J. Teixeira na Crusoé: As falsidades da conversa sobre fake news
A obsessão dos jornalistas brasileiros com as tais notícias falsas distancia o jornalismo da notícia real
Fake news: peguei nojo. E ando entojado da expressão, não tanto do elusivo objeto que ela designa. Pois o problema das duas palavras em inglês está justamente na esquizofrenia semântica que as aflige sempre que são reunidas. Na aparência, essa conjunção simples de adjetivo e substantivo parece falar de uma realidade facilmente compreensível e traduzível: notícias falsas. Mas o uso foi estreitando o sentido. A política, mais uma vez, deformou a linguagem.
Durante o governo que se encerrou no último dia de 2022, fake news designava sobretudo as notícias falsas espalhadas por ocupantes do Planalto e adjacências. Até aí, a restrição política do sentido era justificável: dos perigos das vacinas às urnas eletrônicas fraudadas, aquela turma foi mesmo pródiga em invenções alucinadas. Desde que “o Brasil voltou”, porém, o significado literal da expressão sofreu corrosões sucessivas, até se deformar por completo: fake news são notícias falsas sobre o governo – aliás, são notícias descontextualizadas sobre o mesmo governo – ou, na verdade, notícias desfavoráveis ao governo – e não só notícias propriamente ditas, mas opiniões contrárias à democracia (que agora é sinônimo de “governo”), sobretudo se divulgadas em rede social.

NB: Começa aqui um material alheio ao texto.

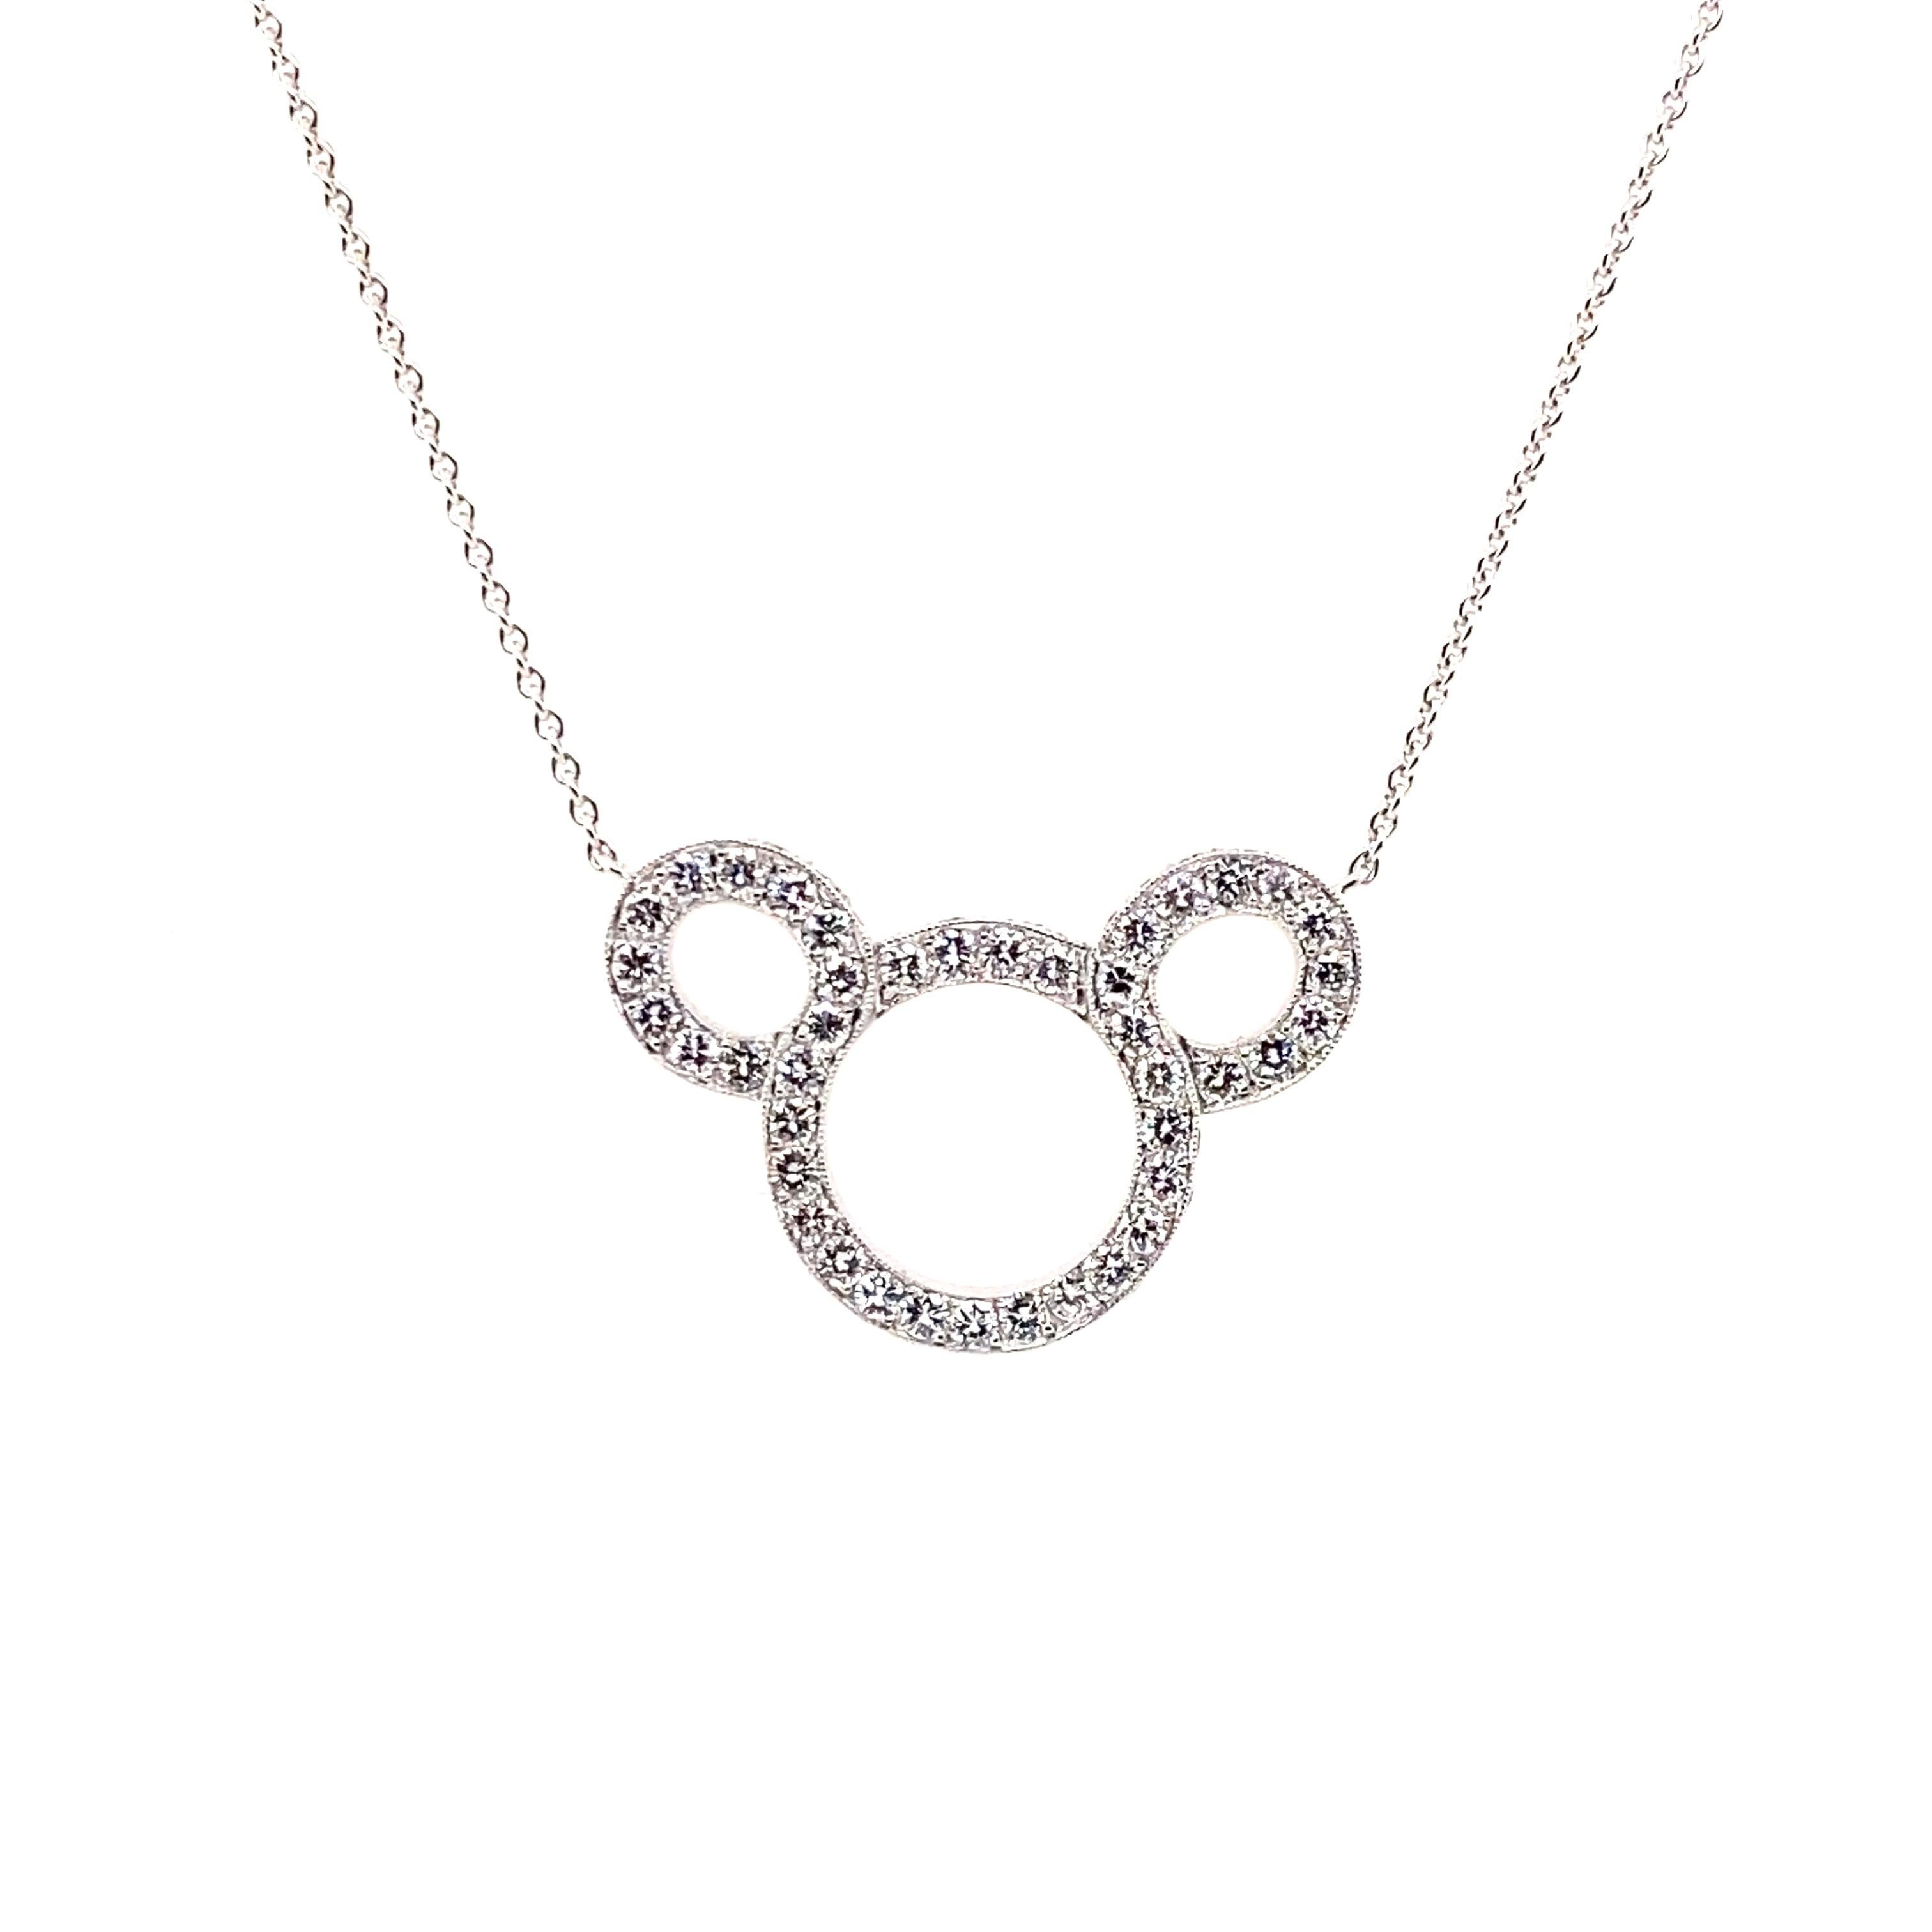 Very cute Mickey Mouse pendant necklace in 18 karat white gold. The pendant is set with 68 brilliant-cut diamonds totalling approximate 1.36 carats. The diamonds are of fine G/H-vs quality. 

Beautiful fine anker chain with spring feather clasp also

O leitor talvez tenha acompanhado a triste treta entre uma comentarista de canal de notícias e uma pesquisadora ligada a um instituto acadêmico que monitora temas políticos na internet. O episódio ilustra bem as distorções que a fixação patológica nas tais fake news impôs à prática jornalística. A comentarista fez um editorial contra as mensagens (todas falsas, segundo ela) que circulavam pela rede acusando a ausência do Estado no socorro às vítimas da enchente no Rio Grande do Sul. Amparou-se em um levantamento feito pelo instituto universitário. A pesquisadora foi ao X (ex-Twitter) corrigir a comentarista: o levantamento na verdade não aferiu se o conteúdo das postagens era falso ou verdadeiro. Seguiu-se uma daquelas discussões que, como dizia Otto Lara Resende, produzem mais perdigotos do que luz. Os tuiteiros que terçam armas na guerra cultural foram ao delírio. A pesquisadora foi afastada de suas funções; a comentarista segue no canal de notícias. Universidade e imprensa poderiam ter passado sem esse vexame.